What bdickens and SSN Vet said.
My wife had not had ANY formal instruction in handgun when she took Vicki Farnam's basic course. After 2 days of instruction (much of which was devoted to avoidance, awareness, safety etc., not pure skills) she and 4 other new female shooters passed the following test: Pistol is set up with one live round in the chamber, 4 live rounds and one dummy round in the mag. Dummy placed by someone else, the shooter does not know the position of the dummy, but not the first or last in the mag. Second mag fully charged w/ live rounds. Target is an 8X10 steel plate at 8 yards. To pass the test, the student must have 100% hits, and zero procedural or safety errors. In other words, sweeping any body part or other person, finger entering the trigger guard when moving, drawing, reloading, or stoppage reduction, failure to move laterally during the draw, failure to move during the stoppage reduction or reload, failure to scan prior to the start, incorrect stoppage reduction procedure (tap, rack, re-engage), incorrect reloading procedure like dropping the first mag before the reload mag is in hand, or incorrect slide manipulation.
Shooter comes to the line, interview position, and on command begins moving laterally back and forth, scanning 360 degrees. On command, shooter moves laterally and draws simultaneously, holding on target w/ finger in register until the electronic timer signal to begin. At that point, she must move again laterally before firing continuously at the target. When the dummy round is encountered, she must reduce the stoppage while moving with the trigger finger in register. Tap rack bang. When the last round in that mag is fired, she must reload while moving with finger in register, then fire two more rounds. Time required must not exceed 22 sec for a mid level student, or something a bit more ( I forget) for basic. That is to earn a DTI pin. One miss, one error, and the whistle is blown and that test is over at that point. John and Vicki believe in stress while performing.

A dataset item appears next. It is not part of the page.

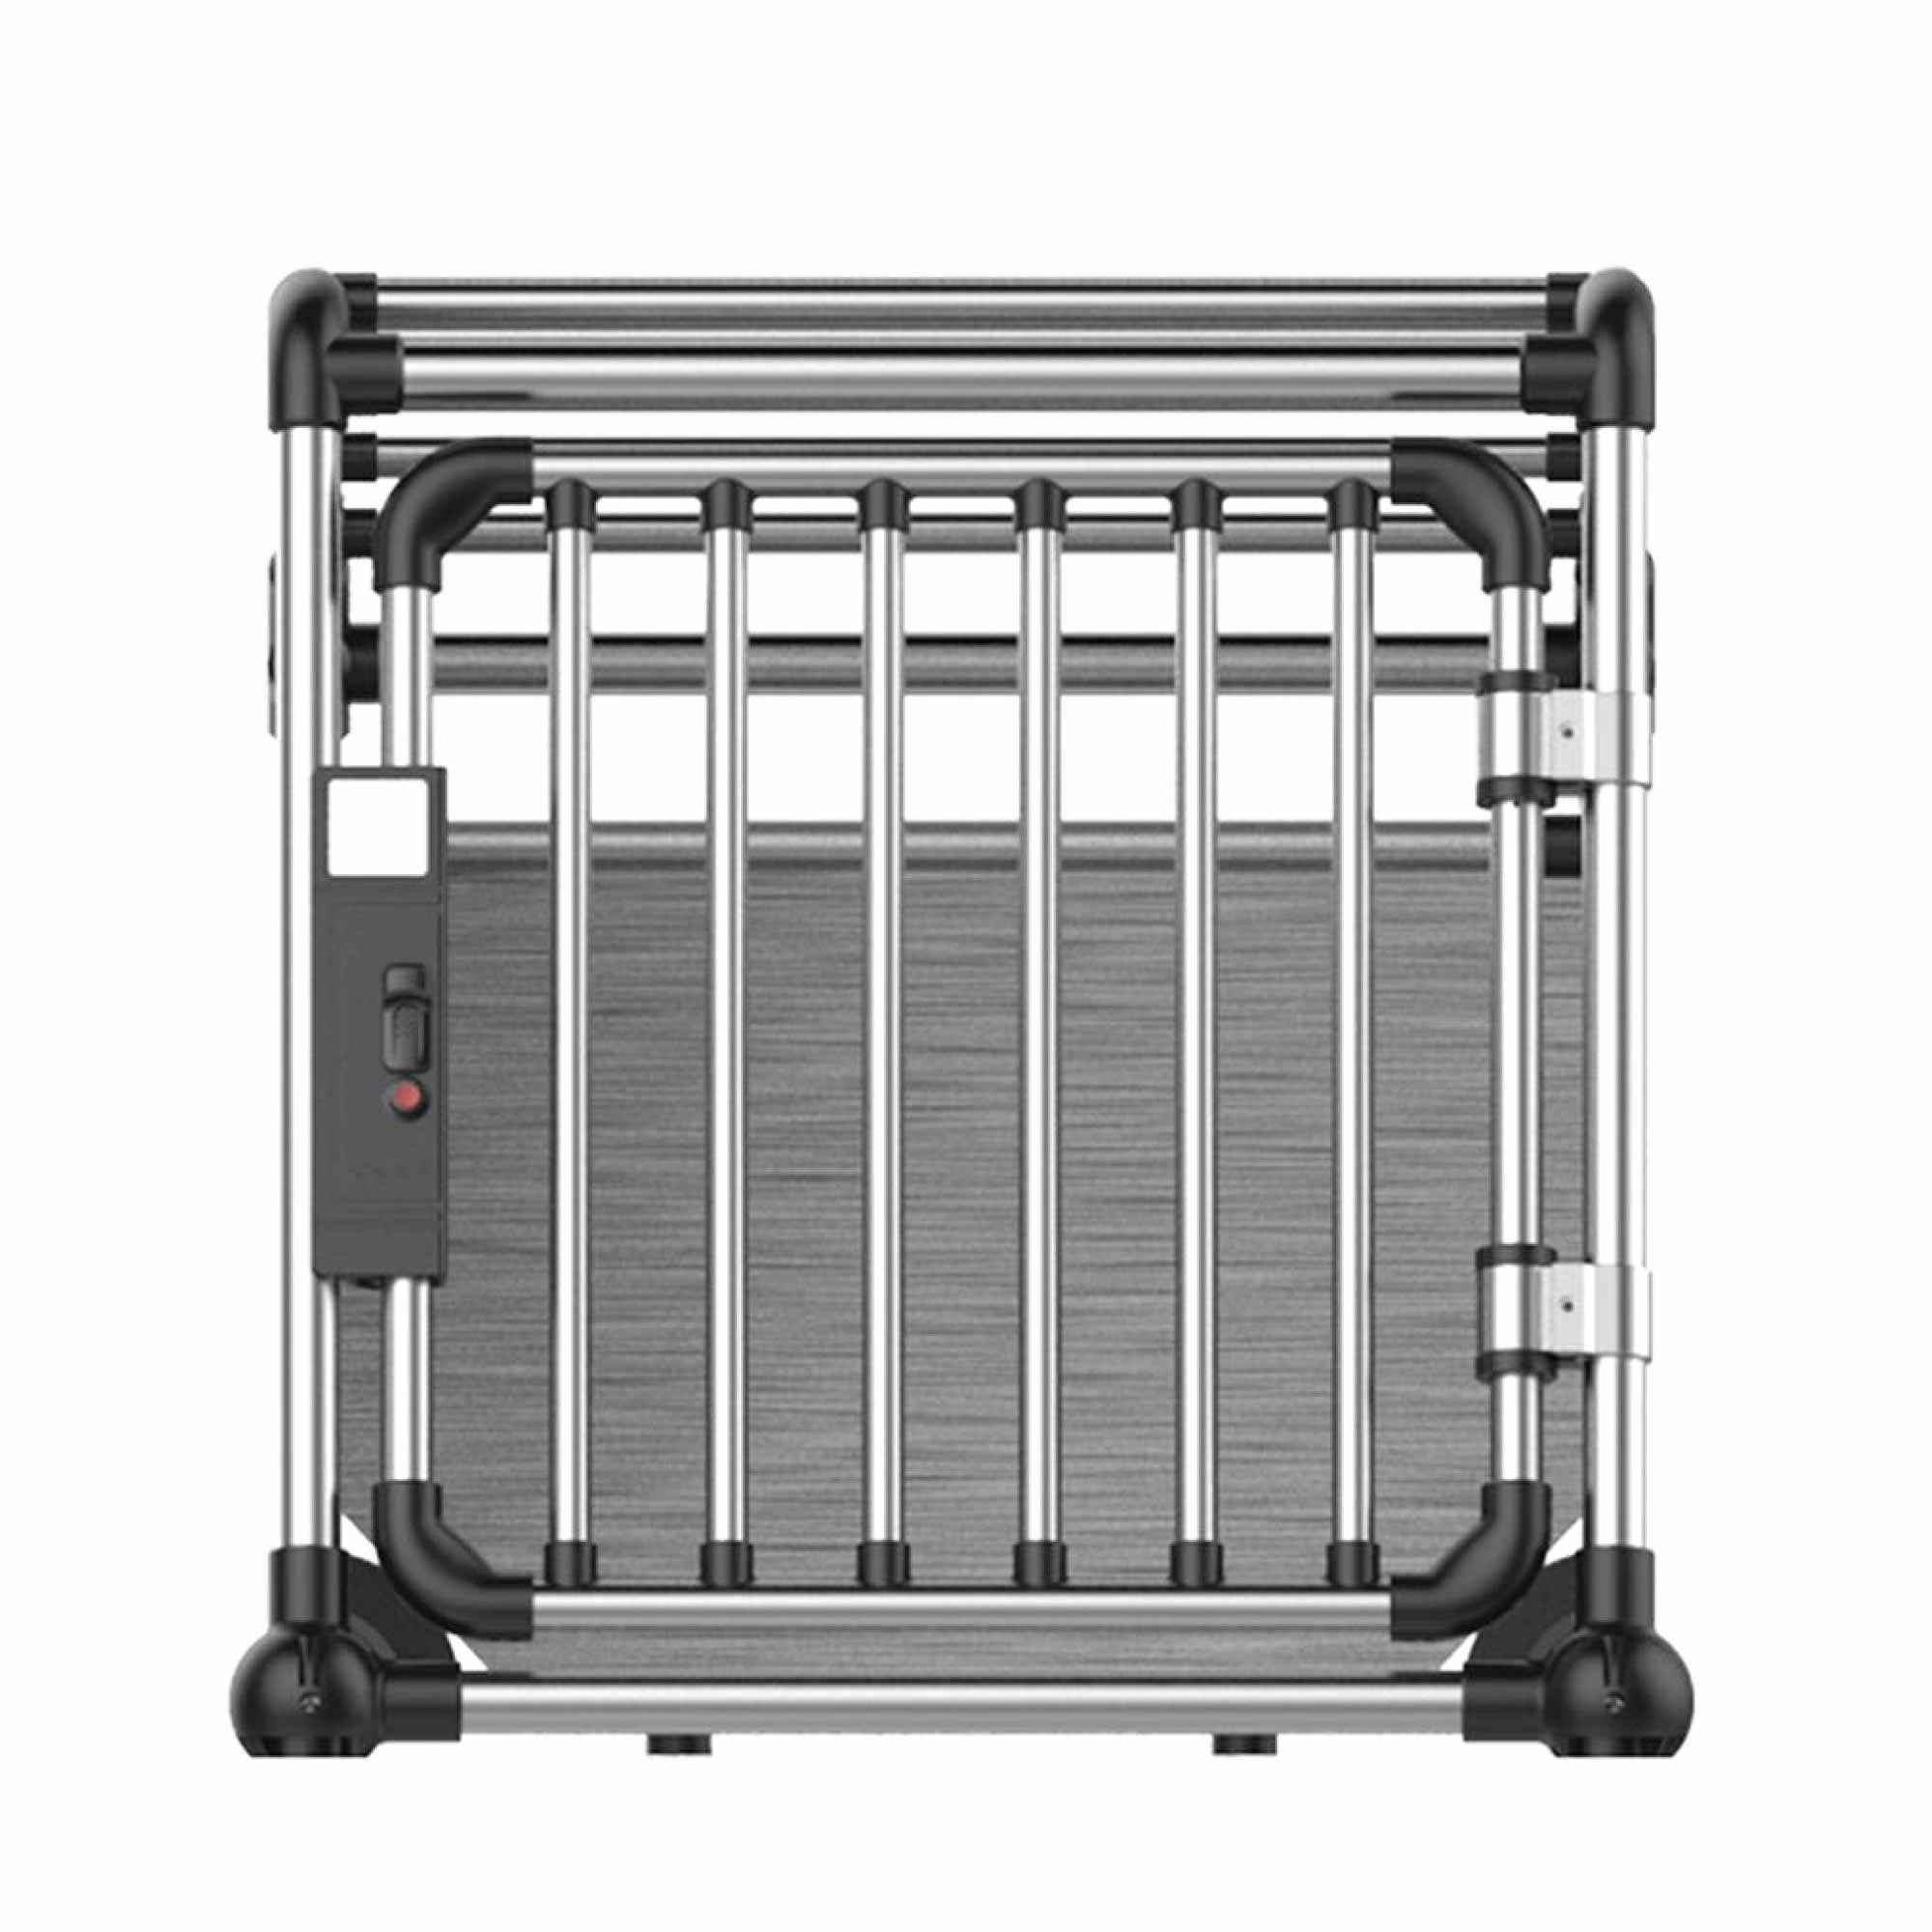 Premium Aluminium Dog Travel Crate - Large Pet Transport Cage

Long post, but I wanted to post it for 2 reasons. First, because I'm proud of my wife. Second, because this kind of performance is doable with good training in a fairly short period. Of course, it is a perishable skill, but still.... Impressed me that Vicki could get 15 students to this level in a weekend, and only have one student unable to pass the test ( a male sudent, FWIW). Students could shoot the test over, and many did before passing.
Back to OP. Vicki is very experienced, and she says the most remarkable beginning students often are women. The examples posted above are not surprising.